Pour les aides les plus courantes, dans le cadre du parcours "par geste", la situation est claire. En 2026, le Diagnostic de Performance Énergétique n'est pas encore obligatoire pour bénéficier de MaPrimeRénov' pour l'installation d'un système de chauffage décarboné ou pour des travaux d'isolation (Velux.fr, 16 mars 2026). Vous pouvez donc demander une aide pour changer votre chaudière ou isoler vos combles sans avoir à fournir un DPE au préalable. Cependant, l'interdiction de louer les logements classés G crée une obligation indirecte : un propriétaire bailleur d'une passoire thermique devra réaliser des travaux aidés pour obtenir un meilleur DPE et pouvoir continuer à louer son bien.

Rénovation globale et passoires thermiques : l'audit énergétique prime

La situation est différente pour les projets de rénovation d'ampleur. Pour bénéficier de MaPrimeRénov' "Parcours accompagné", qui finance les rénovations globales permettant un saut d'au moins deux classes énergétiques, ce n'est pas un DPE mais un audit énergétique qui est exigé. L'audit est beaucoup plus poussé : il sert de base à l'Accompagnateur Rénov' pour définir le programme de travaux et monter le dossier de financement. Le DPE est en quelque sorte la porte d'entrée de la rénovation, tandis que l'audit est l'outil de planification des rénovations performantes et subventionnées. Pour les passoires thermiques (F et G), l'audit est souvent la seule voie pour atteindre les objectifs de performance et sortir de ce statut.

Tableau récapitulatif : DPE obligatoire selon votre situation

Pour synthétiser l'ensemble des cas de figure, le tableau suivant récapitule quand le Diagnostic de Performance Énergétique est obligatoire en 2026. Chaque situation, de la vente à la gestion d'une copropriété, est associée à ses conditions spécifiques. Ce résumé permet d'identifier rapidement si vous êtes concerné par l'obligation et quelles sont les échéances clés à respecter pour être en conformité avec la réglementation.

SituationDPE obligatoire ?Date ou condition clé
Vente d'un logement✅ OuiAvant la publication de l'annonce
Location d'un logement✅ OuiAvant la signature du bail
Construction neuve✅ OuiPermis de construire après le 01/07/2007
Copropriété > 200 lots✅ OuiDepuis le 01/01/2024
Copropriété 50-200 lots✅ OuiDepuis le 01/01/2025
Copropriété ≤ 50 lots✅ OuiÀ partir du 01/01/2026
Meublé de tourisme✅ OuiSi loué plus de 4 mois par an
Vente maison E, F, G✅ Oui (+ Audit)Audit énergétique obligatoire en plus du DPE
Logement sans chauffage❌ NonExemption légale
Résidence secondaire⚠️ OuiObligatoire sauf si occupée < 4 mois/an (à prouver)

Sources

Ce guide a une portée pédagogique.
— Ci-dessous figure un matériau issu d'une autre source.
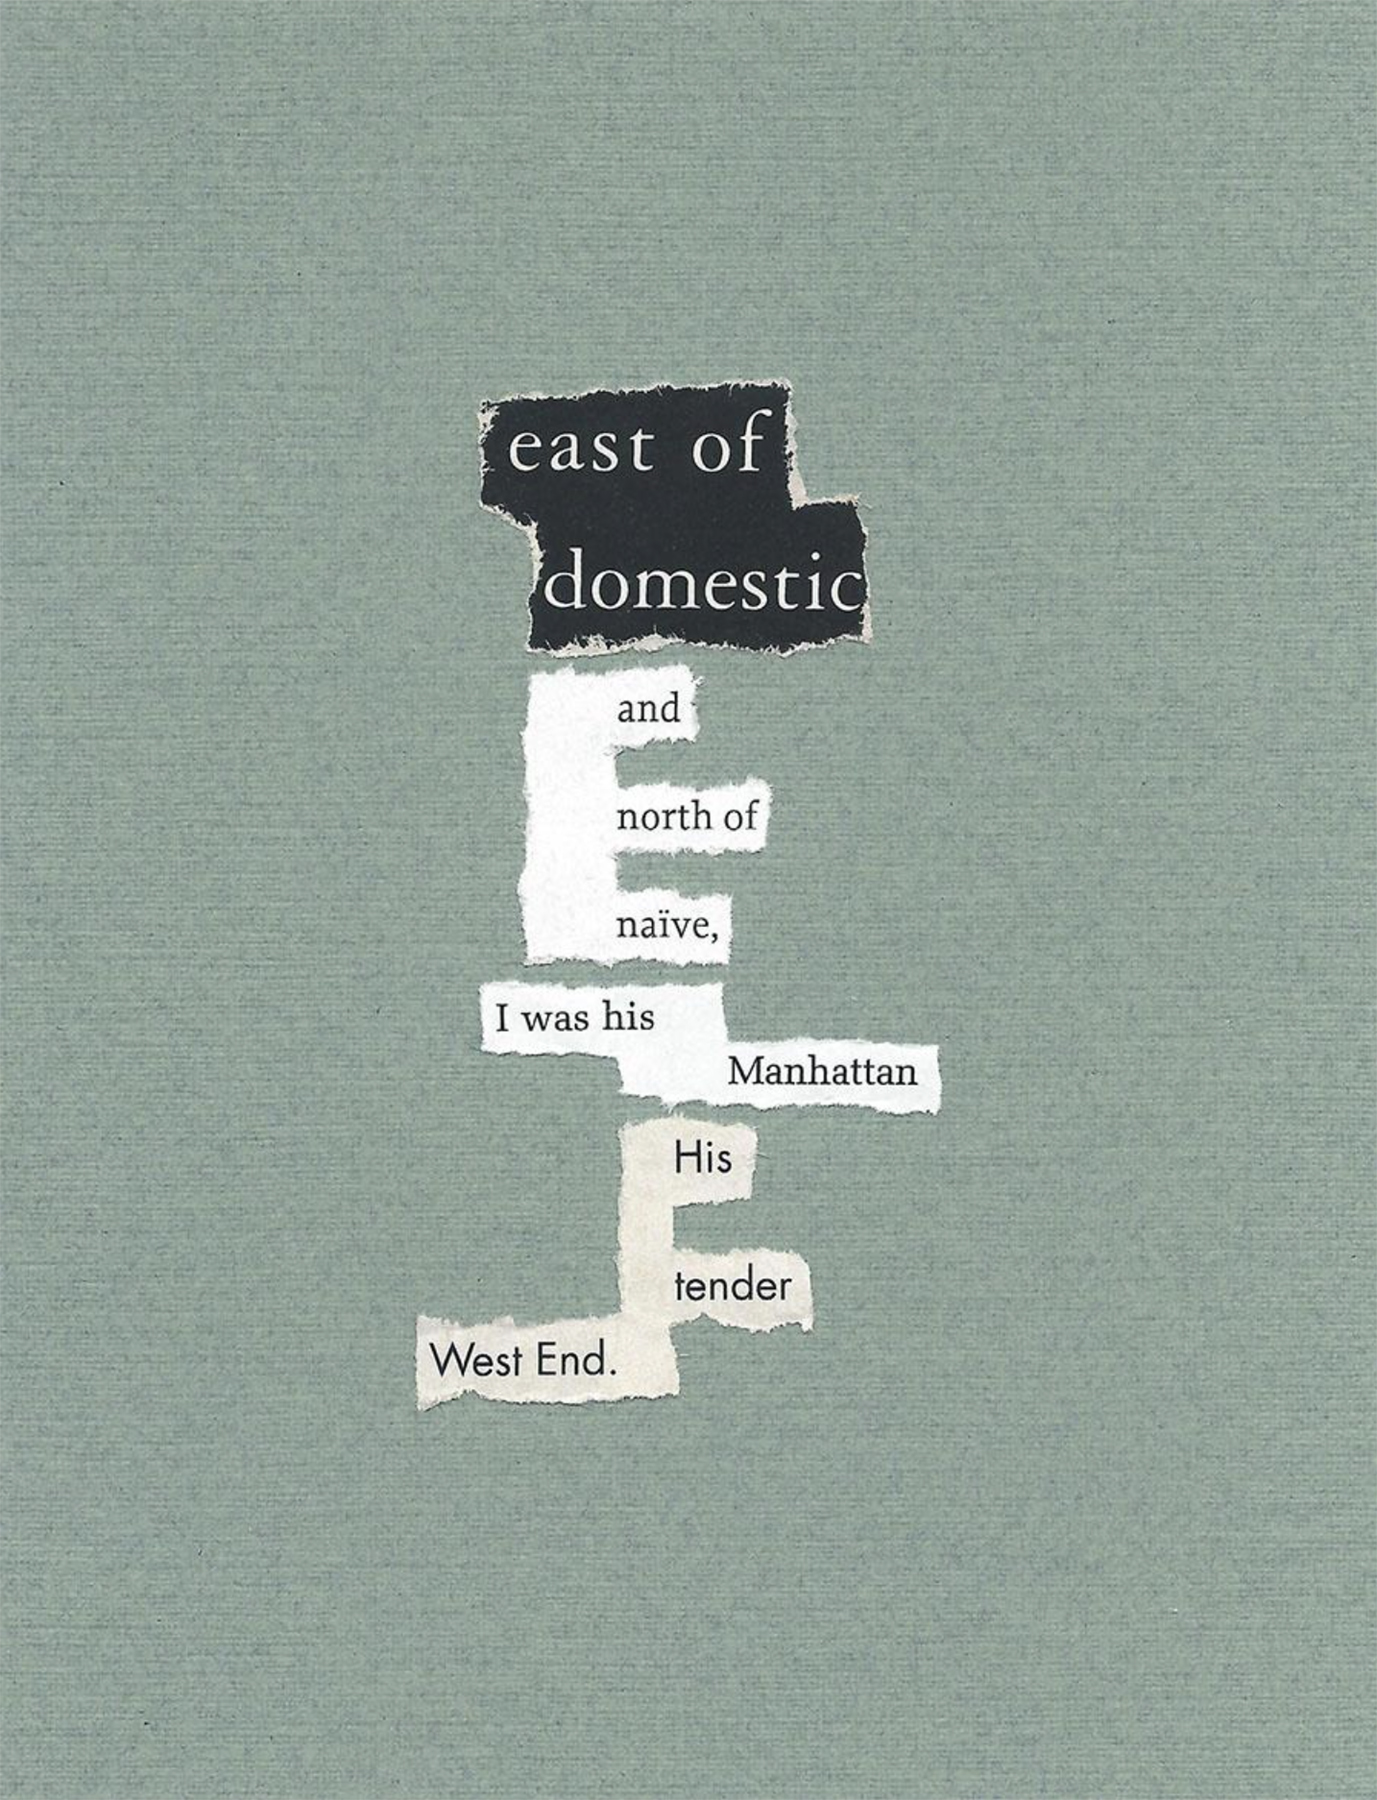 Collage of cutout words creating the poem East of Domestic | courtesy of J I Kleinberg

Toute intervention technique (électricité, gaz, structure) doit être confiée à un professionnel certifié ou RGE.

Questions courantes

Qui est dispensé de DPE ?

Sont dispensés de DPE les bâtiments provisoires, les constructions indépendantes de moins de 50 m², les logements utilisés moins de 4 mois par an (sous conditions), les bâtiments agricoles ou artisanaux sans système de chauffage fixe, et les monuments historiques classés. Hors de ces exceptions légales strictes, tout propriétaire vendeur ou bailleur est tenu de fournir un DPE valide.

Quels sont les logements concernés par le DPE ?
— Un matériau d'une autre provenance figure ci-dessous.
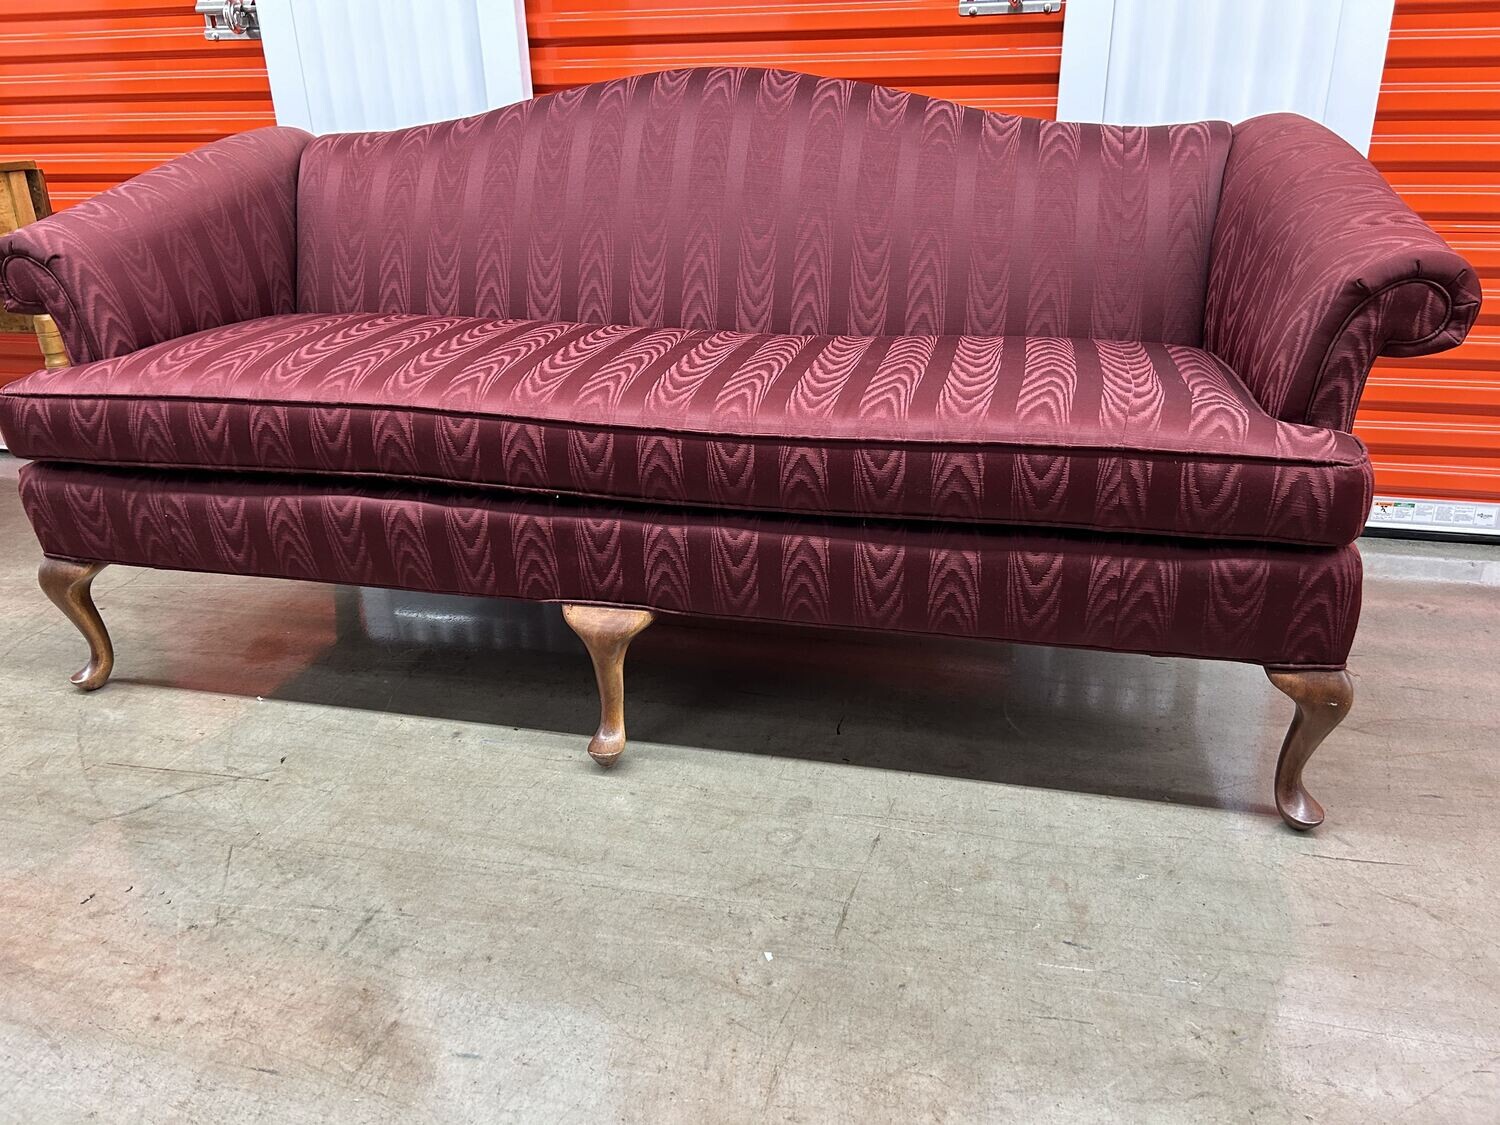 Victorian style Camel-back Sofa, burgundy #2126 ** 10 days to sell, full price

Le DPE concerne tous les logements mis en vente ou en location (nus, meublés, meublés de tourisme), les bâtiments neufs dont le permis de construire a été déposé après le 1er juillet 2007, et les parties communes des copropriétés selon un calendrier progressif. En clair, la très grande majorité des logements résidentiels en France est concernée.

Quelles maisons ne nécessitent pas de DPE ?
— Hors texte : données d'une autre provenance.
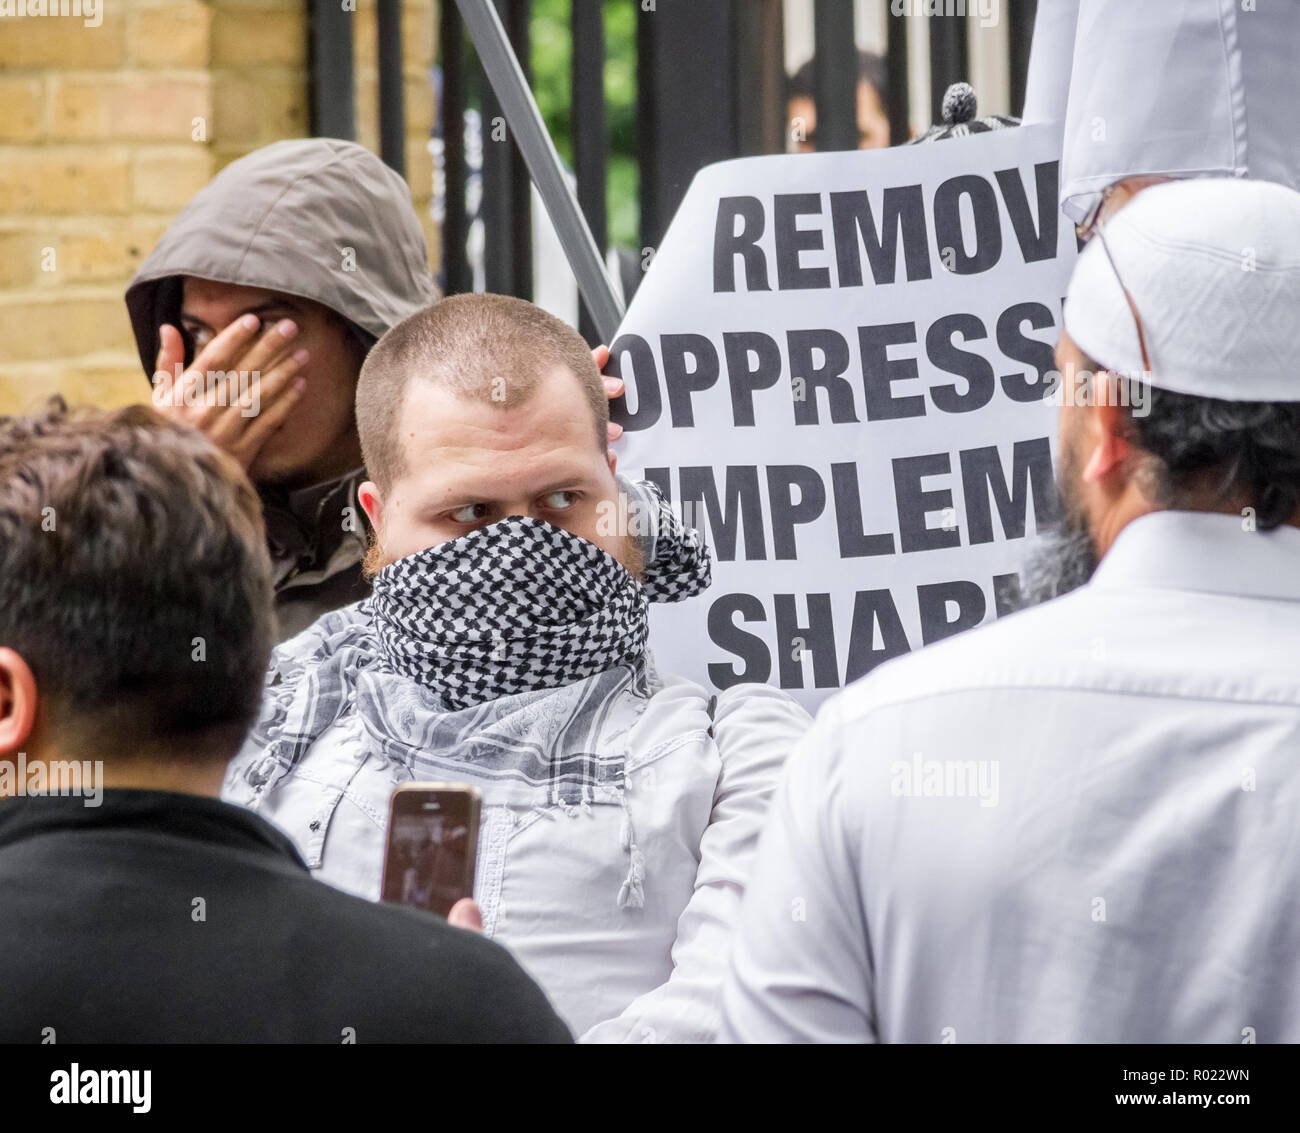 London, UK. 30th May, 2014. File Image from 30-05-2014: Lewis Ludlow, 26, from Rochester in Kent, a Muslim convert (pic centre, face covering) also used the name Ali Hussain, is due to be sentenced for plotting an Islamic State-inspired attack on Oxford Street in which he hoped to kill 100 people. Ludlow is seen here in 2014 outside the London Central Mosque during a protest organised by radical cleric Anjem Choudary and his banned Al-Muhajiroun (ALM) group. Credit: Guy Corbishley/Alamy Live News Stock Photo

Les maisons sans recours à l'énergie pour le chauffage, les constructions provisoires, les résidences utilisées moins de 4 mois par an (sous conditions strictes) et certains bâtiments agricoles ou classés monuments historiques peuvent être exonérées. La dispense ne s'applique pas automatiquement à une résidence secondaire : si elle est mise en vente ou en location, un DPE reste obligatoire.

Quel risque si pas de DPE ?

L'absence de DPE lors d'une vente peut entraîner la nullité de la transaction ou une action en réduction du prix par l'acquéreur. En location, le bailleur s'expose à des sanctions et à l'impossibilité légale de louer son bien si celui-ci est classé G depuis le 1er janvier 2025. Dans les deux cas, la responsabilité du propriétaire est directement engagée.